Have you been able to reproduce any of these problems yourself?

clarkpede commented 7 years ago

Additional information:

  1. If I bump the array size up 1024x1024x1024 the code runs quietly, reproducing the exact problem I was having before. No errors, just an output.h5 file with pure 0's. That's even with the compiler options -check all -fp-stack-check -traceback on.
  2. Valgrind gives me a lot of "Conditional jump or move depends on uninitialized value(s)" messages when I try to run it against anything bigger than 512x512x512. You might want to check it out.
RhysU commented 7 years ago

I am able to compile/run your recreate against the develop branch. I also see...

  #009: H5FDint.c line 256 in H5FD_write(): addr overflow, addr = 2144, size=18446744071562067968, eoa=2147485792
    major: Invalid arguments to routine
    minor: Address overflowed

...but see sensible data coming in on the stack...

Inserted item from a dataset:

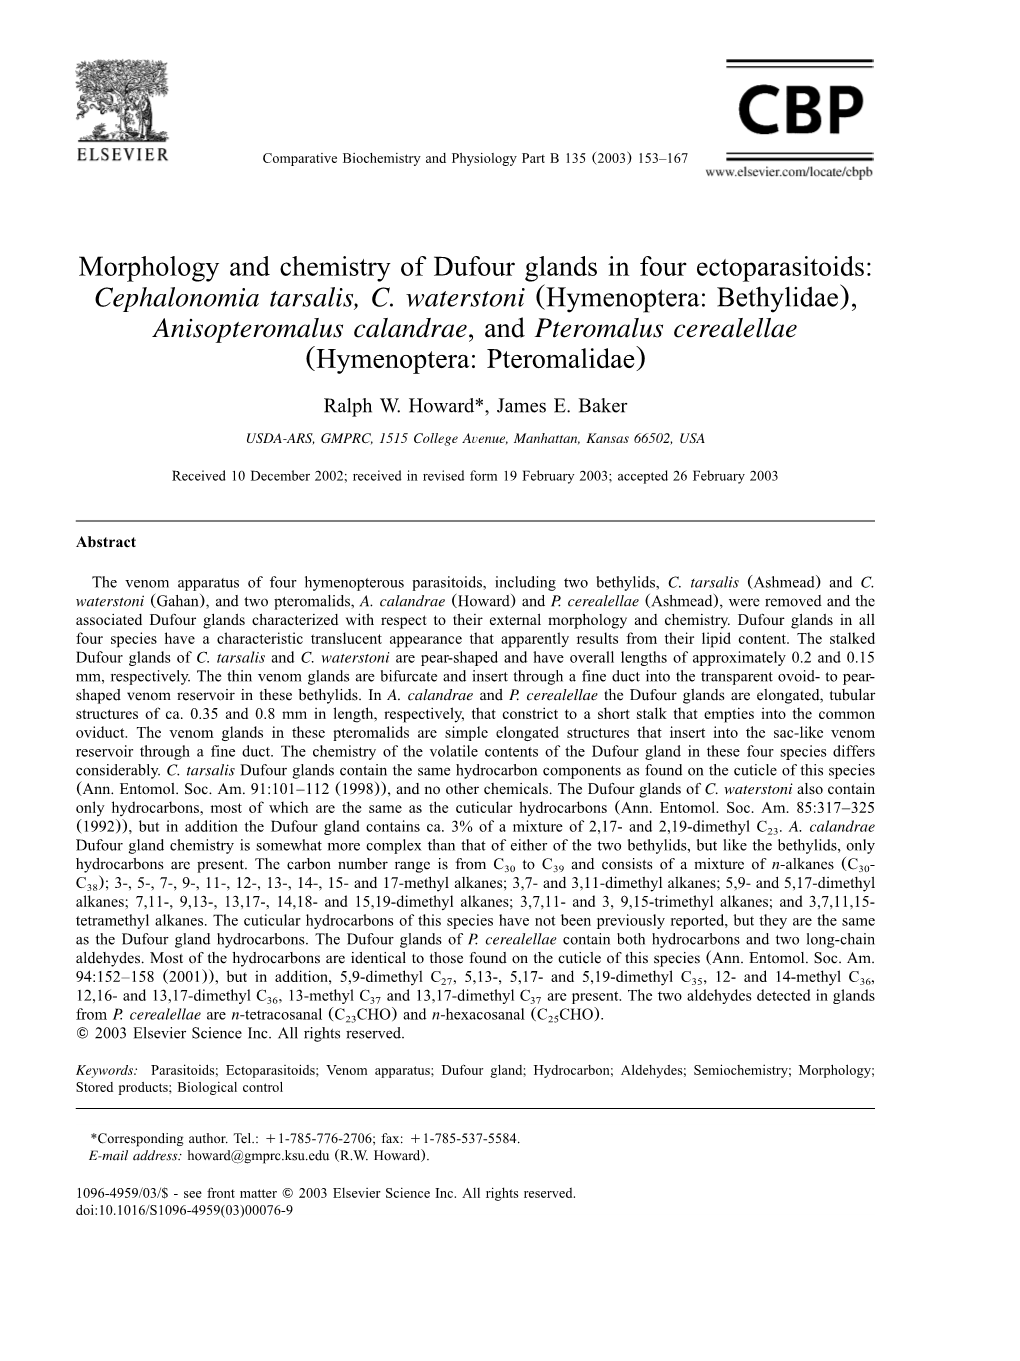 Morphology and Chemistry of Dufour Glands in Four Ectoparasitoids: Cephalonomia Tarsalis, C
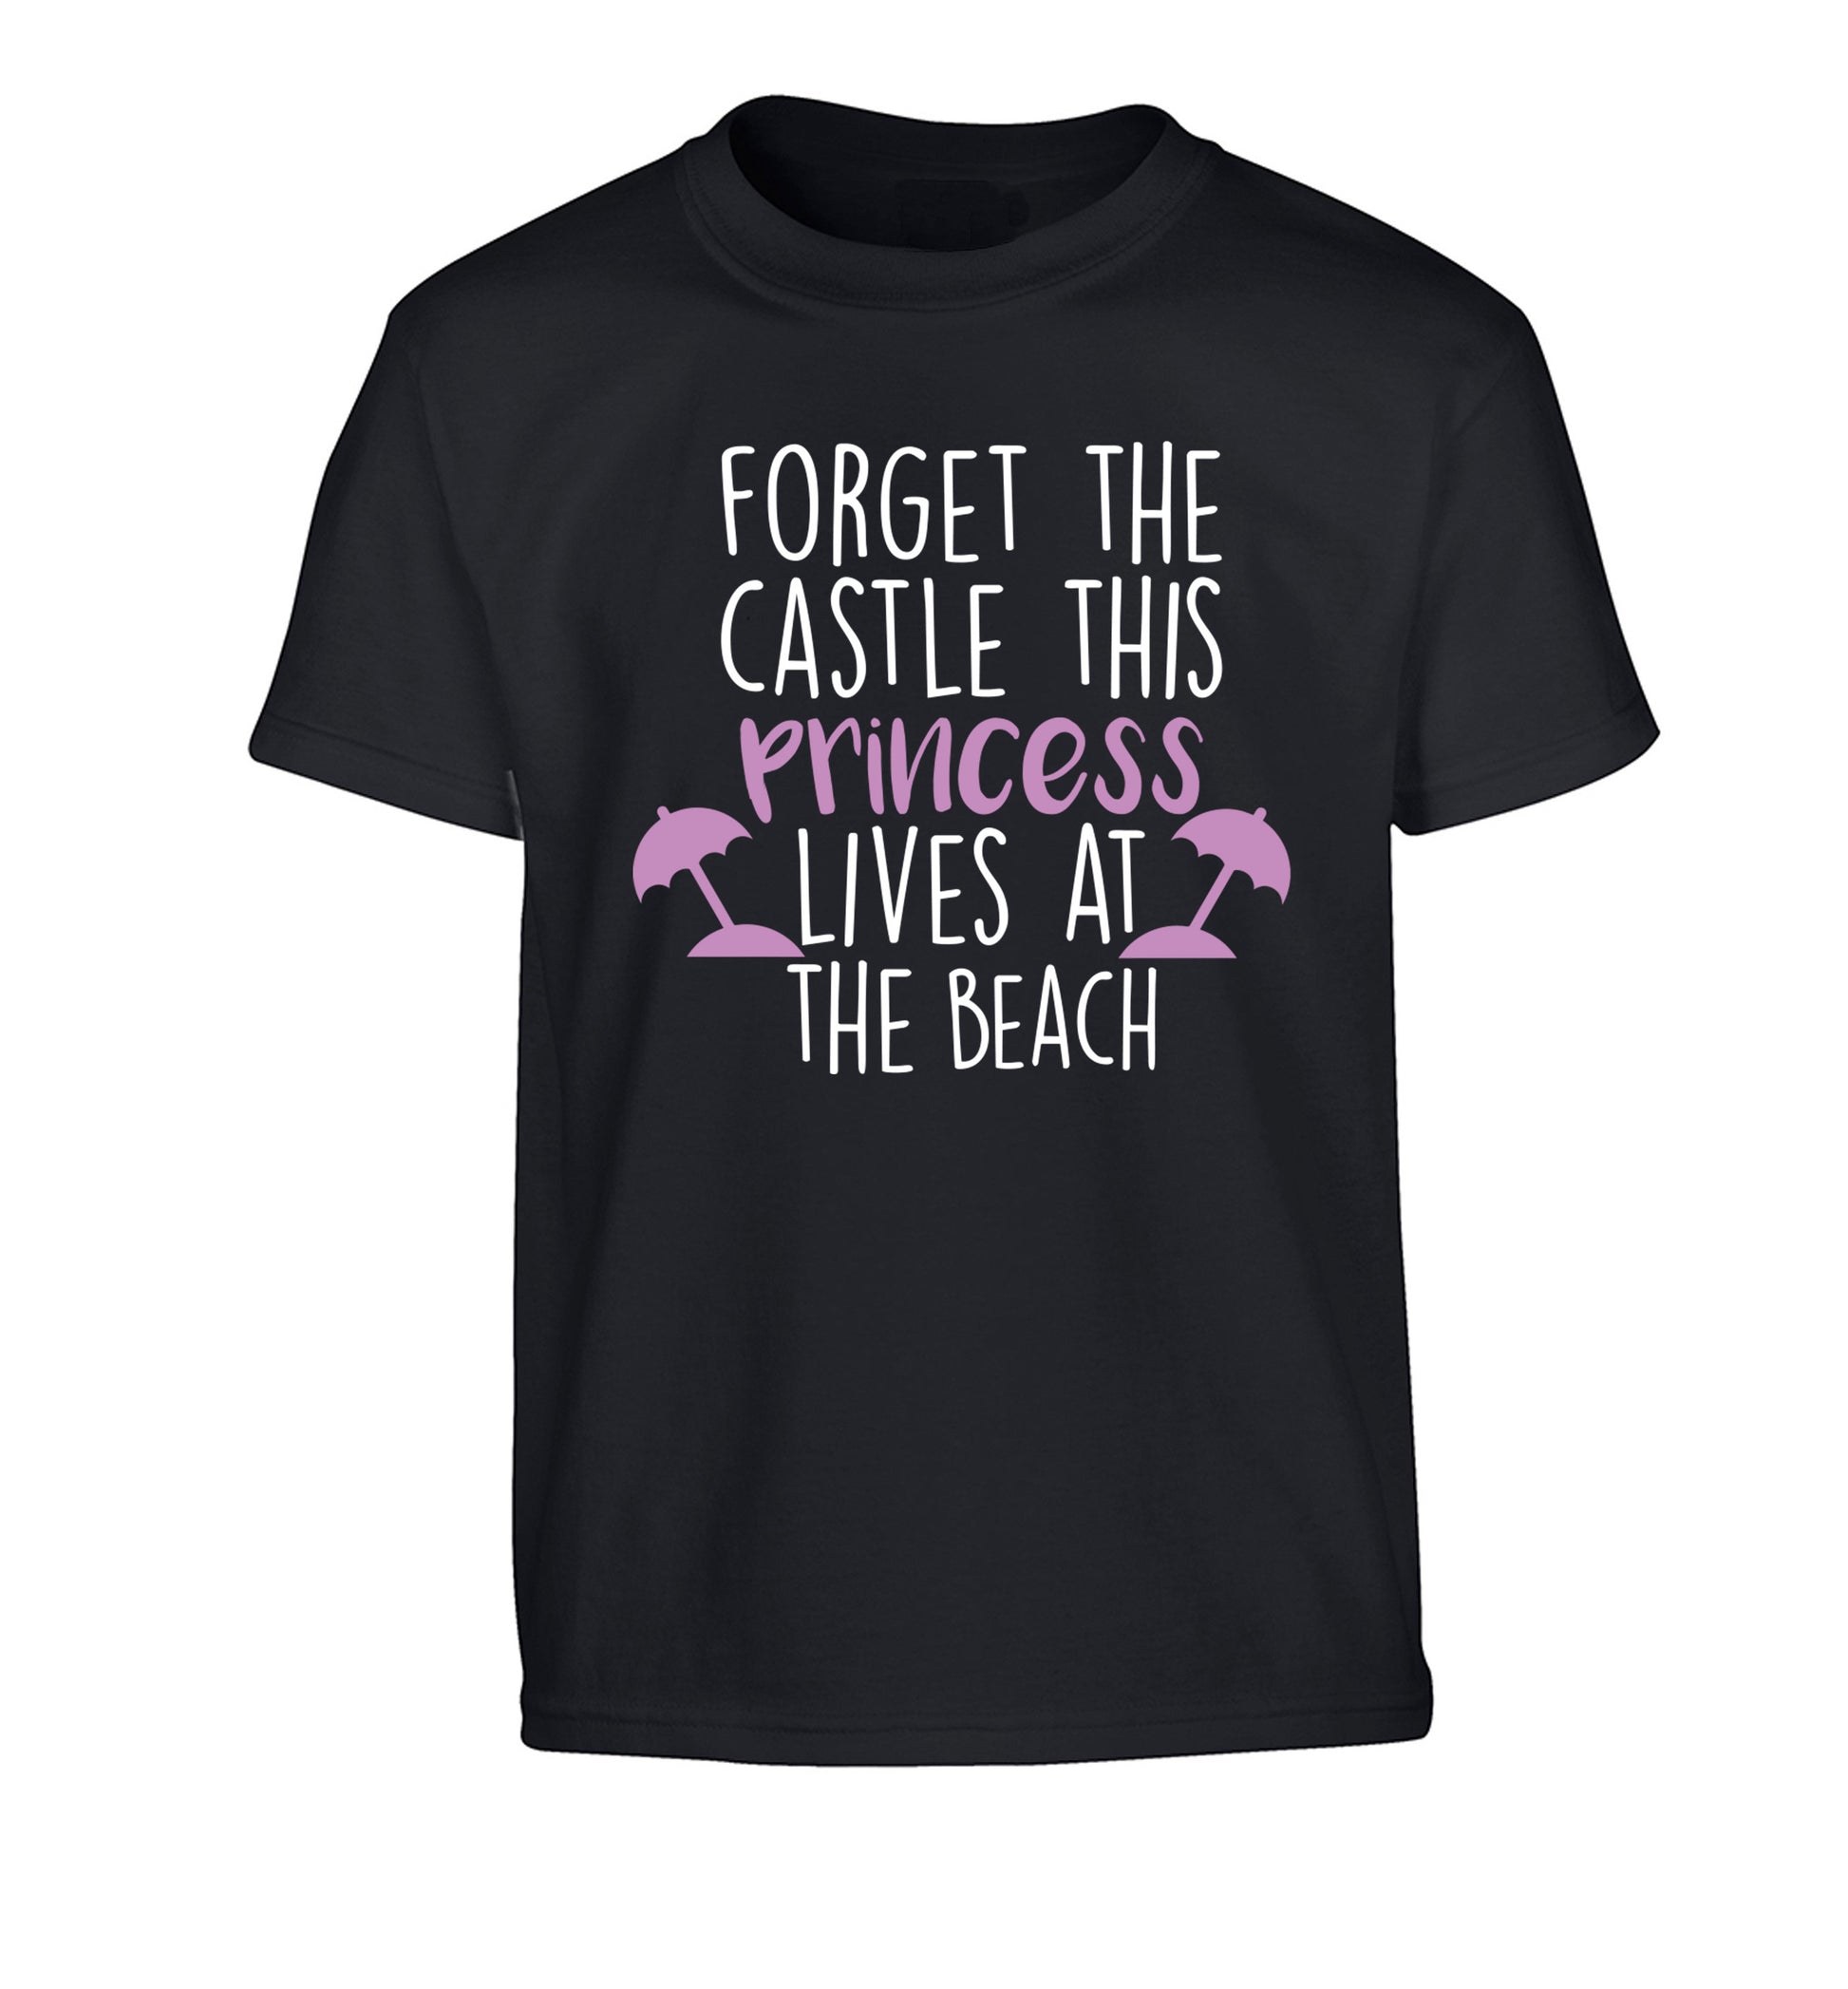 Forget the castle this princess lives at the beach Children's black Tshirt 12-14 Years

Thread 1 "a.out" hit Breakpoint 1, esio_field_layout0_field_writer (plist_id=167772176, 
    dset_id=83886080, field=0x555555756040 <udata>, cglobal=512, cstart=0, clocal=512, 
    cstride=524288, bglobal=512, bstart=0, blocal=512, bstride=1024, aglobal=1024, astart=0, 
    alocal=1024, astride=1, type_id=50331741) at ../../esio/esio/x-layout0.c:43

...by which I mean the strides/sizes all seem to check out. At the entry to OPFUNC at x-layout0.c:88 I see...

(gdb) info local
nelems = 268435456
lies = 1
memspace = 67108866
filespace = 67108867
start = {0, 0, 0}
count = {512, 512, 1024}
status = 21845

...which feels sane as status has yet to be overwritten and 268435456 == 512*512*1025. I'm having a miserable time getting a breakpoint on H5Dwrite (i.e. OPFUNC) with source information available. Based upon

#009: H5FDint.c line 254 in H5FD_write(): addr overflow, addr = 2144, size=18446744071562067968, eoa=2147485792

I think the trick will be understanding why that absurd size=184467.... is appearing.

For posterity my setup:

$ ldd a.out 
    linux-vdso.so.1 =>  (0x00007ffe2aa80000)
    libesiof-0.2.0.so => /home/rhys/lib/libesiof-0.2.0.so (0x00002b2d034e4000)
    libmpi_mpifh.so.20 => /usr/lib/x86_64-linux-gnu/libmpi_mpifh.so.20 (0x00002b2d03749000)
    libgfortran.so.3 => /usr/lib/x86_64-linux-gnu/libgfortran.so.3 (0x00002b2d039a0000)
    libc.so.6 => /lib/x86_64-linux-gnu/libc.so.6 (0x00002b2d03cd1000)
    libhdf5_hl.so.10 => /home/rhys/lib/libhdf5_hl.so.10 (0x00002b2d04098000)
    libhdf5.so.10 => /home/rhys/lib/libhdf5.so.10 (0x00002b2d042bc000)
    libm.so.6 => /lib/x86_64-linux-gnu/libm.so.6 (0x00002b2d048aa000)
    libmpi.so.20 => /usr/lib/x86_64-linux-gnu/libmpi.so.20 (0x00002b2d04bb3000)
    libopen-pal.so.20 => /usr/lib/x86_64-linux-gnu/libopen-pal.so.20 (0x00002b2d04ea2000)
    libpthread.so.0 => /lib/x86_64-linux-gnu/libpthread.so.0 (0x00002b2d0514f000)
    libquadmath.so.0 => /usr/lib/x86_64-linux-gnu/libquadmath.so.0 (0x00002b2d0536d000)
    libgcc_s.so.1 => /lib/x86_64-linux-gnu/libgcc_s.so.1 (0x00002b2d055af000)
    /lib64/ld-linux-x86-64.so.2 (0x000056492a0ff000)
    libz.so.1 => /lib/x86_64-linux-gnu/libz.so.1 (0x00002b2d057c6000)
    libdl.so.2 => /lib/x86_64-linux-gnu/libdl.so.2 (0x00002b2d059e2000)
    libopen-rte.so.20 => /usr/lib/x86_64-linux-gnu/libopen-rte.so.20 (0x00002b2d05be6000)
    libhwloc.so.5 => /usr/lib/x86_64-linux-gnu/libhwloc.so.5 (0x00002b2d05e6f000)
    librt.so.1 => /lib/x86_64-linux-gnu/librt.so.1 (0x00002b2d060aa000)
    libutil.so.1 => /lib/x86_64-linux-gnu/libutil.so.1 (0x00002b2d062b4000)
    libnuma.so.1 => /usr/lib/x86_64-linux-gnu/libnuma.so.1 (0x00002b2d064b7000)
    libltdl.so.7 => /usr/lib/x86_64-linux-gnu/libltdl.so.7 (0x00002b2d066c2000)
RhysU commented 7 years ago

Realistically, I'm not going to have time to track this down. I'm sorry. Valgrind shows the ESIO layer clean at 512x512x512. Where is Valgrind complaining about things? This smells fishy at the HDF5 level.

RhysU commented 7 years ago

One thing I did not check was that the values passed in from Fortran are arriving at esio_field_establish correctly on the C-side. I'll will peek at that when I'm able.

RhysU commented 7 years ago

esio_field_establish looks sane as far as I can tell.

RhysU commented 7 years ago

Have you been able to confirm/deny that the sides/parameters going into HDF5 are sane on your install?

clarkpede commented 7 years ago

No, I haven't been able to confirm that.